▶ BRIEF: Return each line of the listing exactly, though without its images.

▶ EXERCISE DATA:
━━━

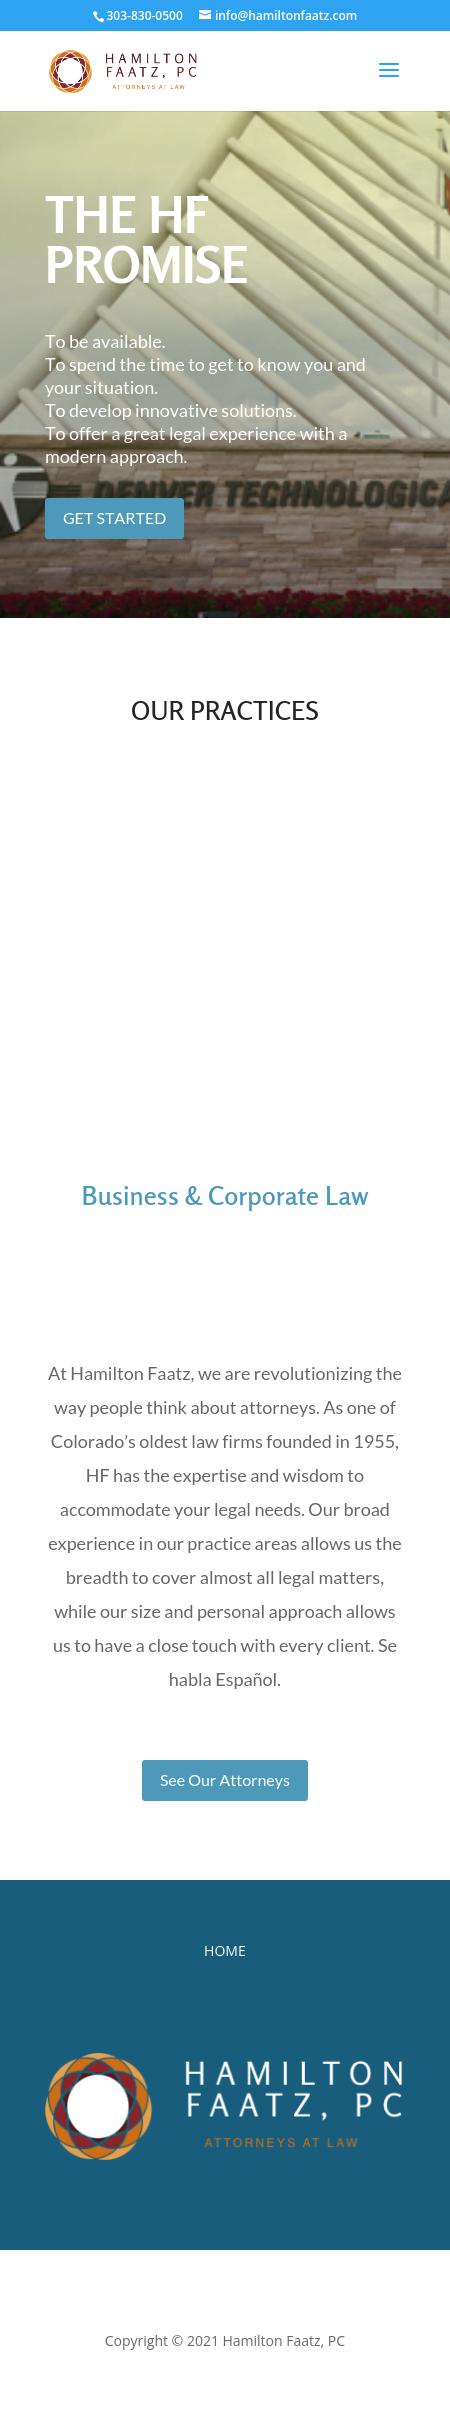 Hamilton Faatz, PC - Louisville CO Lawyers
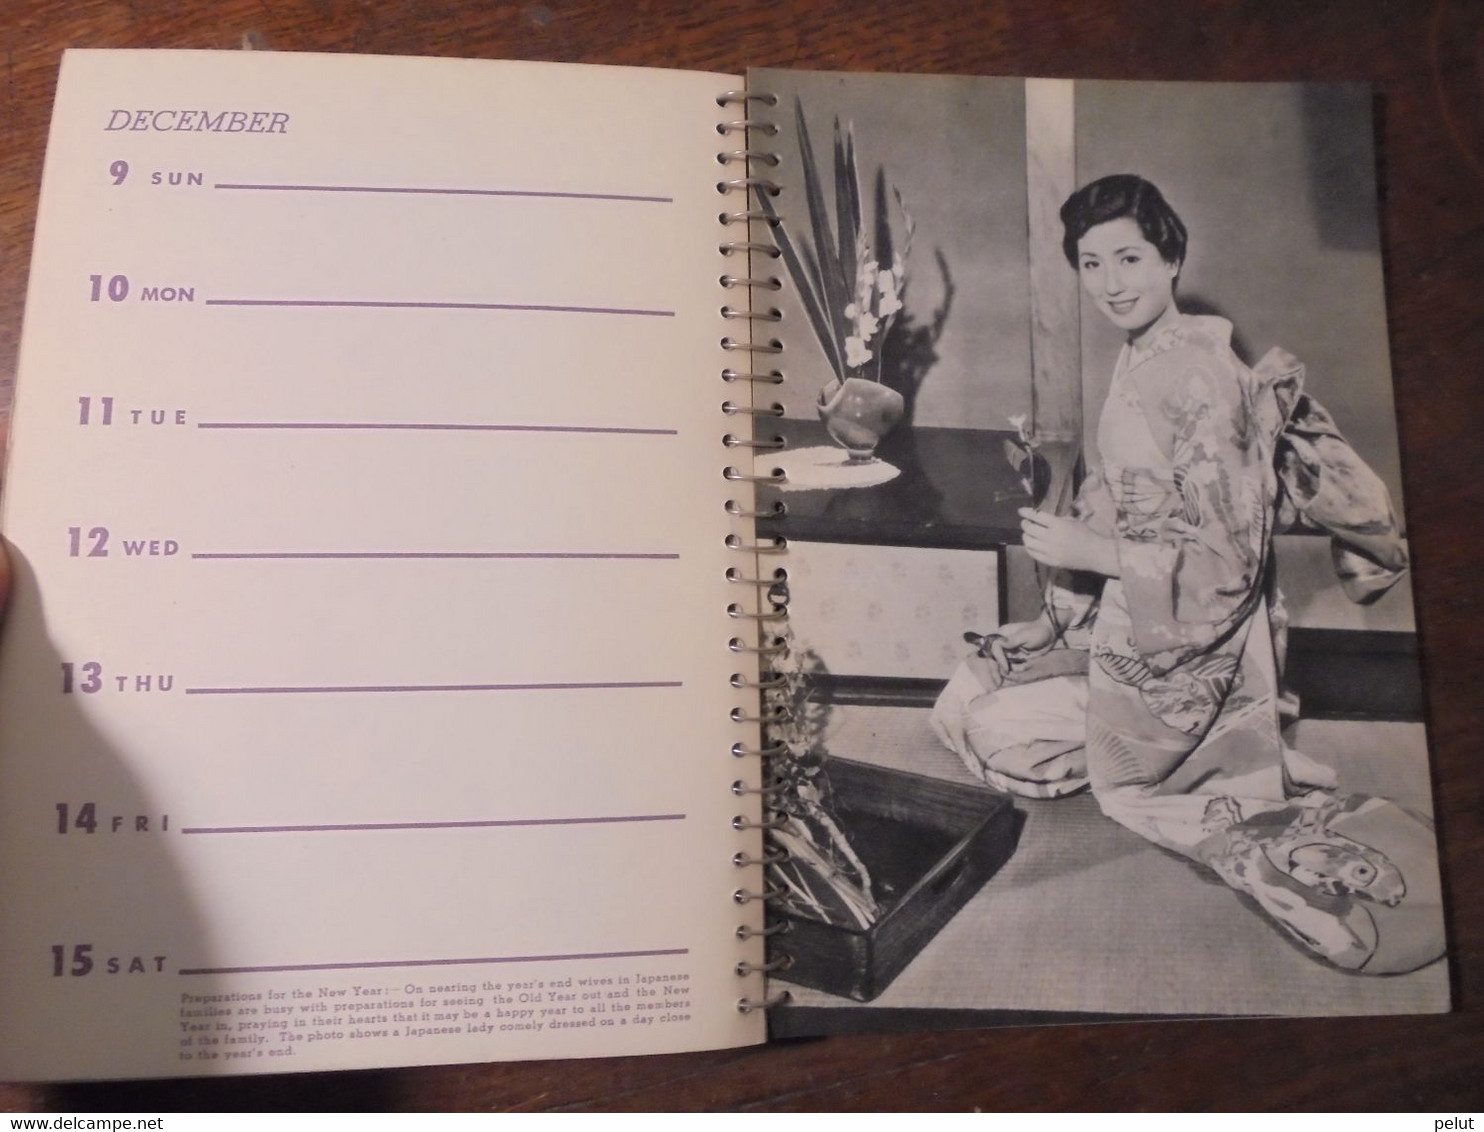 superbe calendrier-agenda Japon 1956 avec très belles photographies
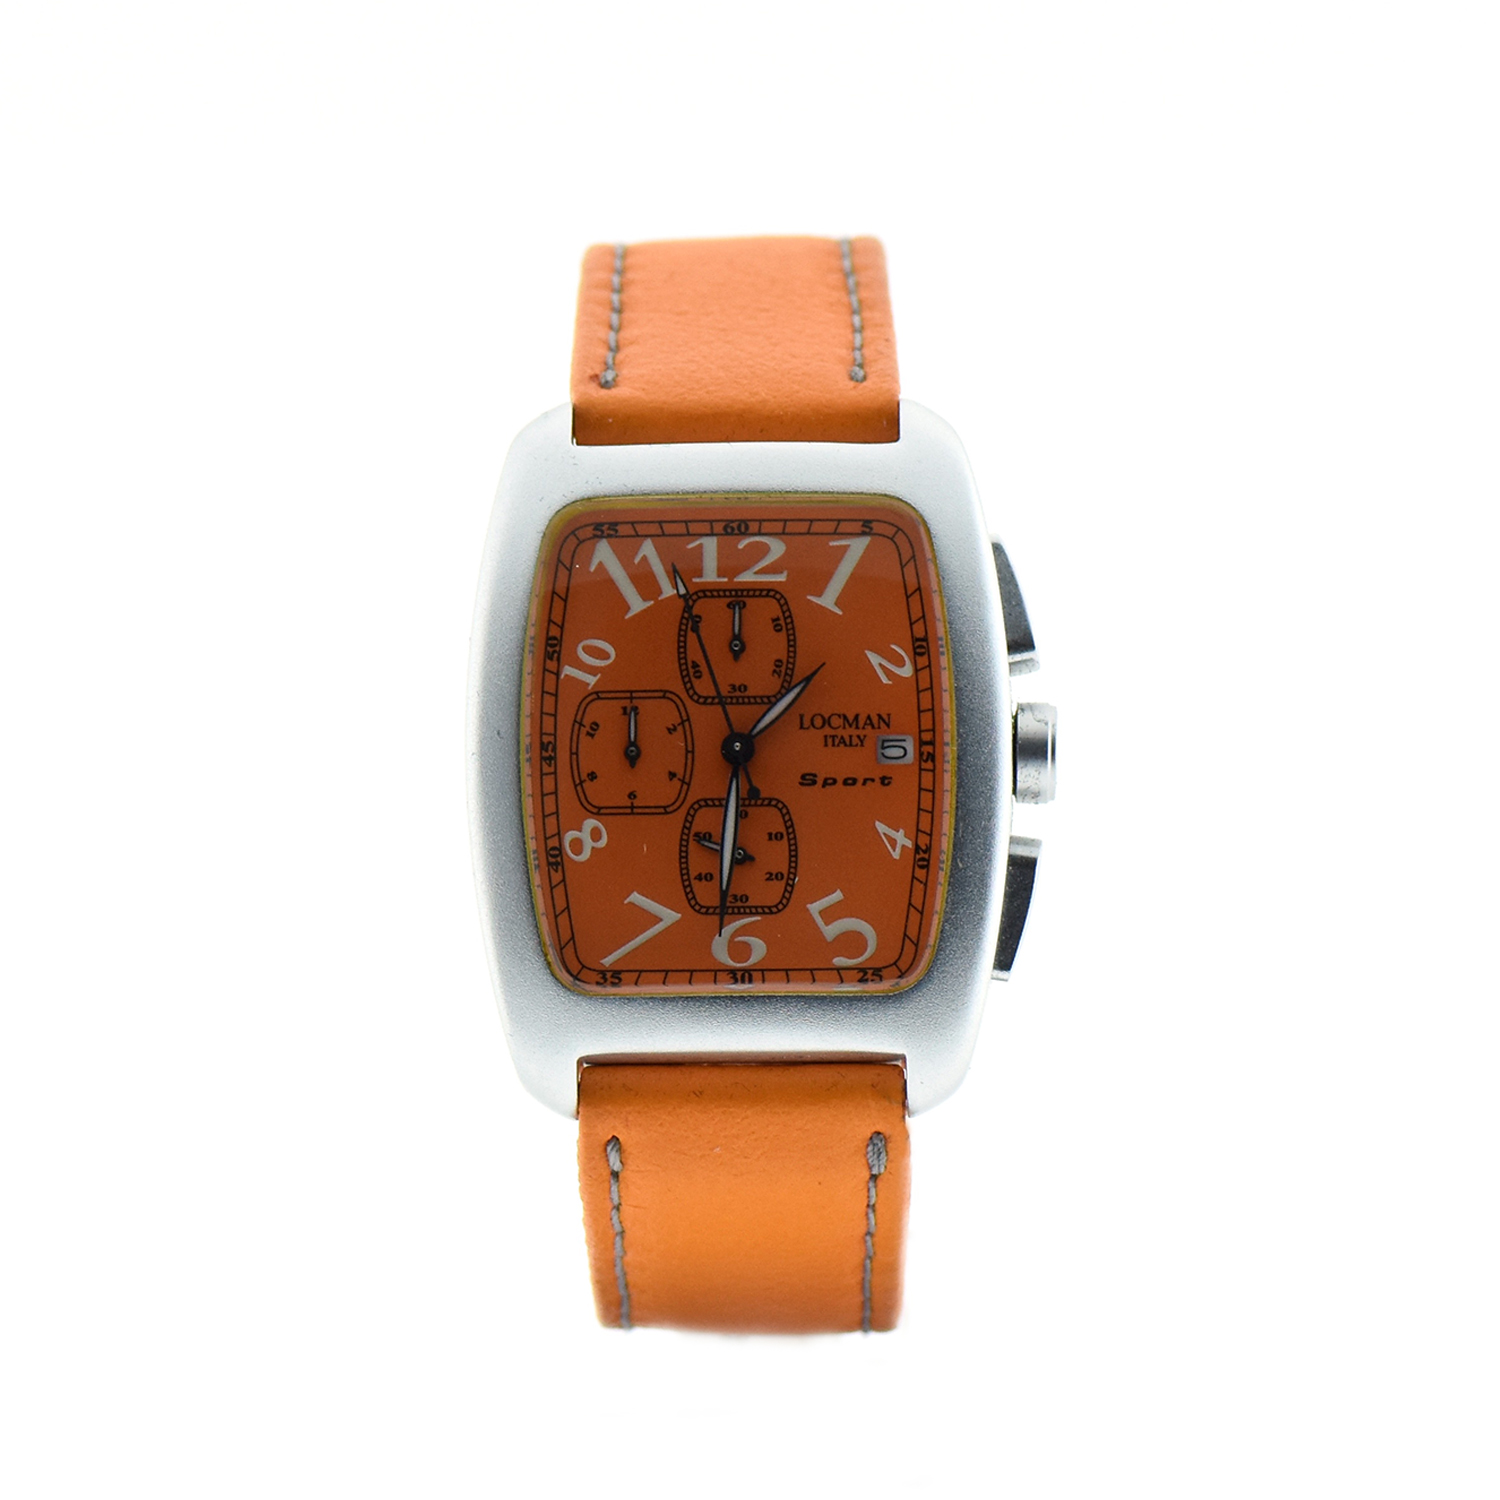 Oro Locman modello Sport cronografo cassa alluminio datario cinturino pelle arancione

━━━

▶ ANSWER SECTION:
 Hamilton Faatz, PC - Louisville CO Lawyers
 superbe calendrier-agenda Japon 1956 avec très belles photographies
 Oro Locman modello Sport cronografo cassa alluminio datario cinturino pelle arancione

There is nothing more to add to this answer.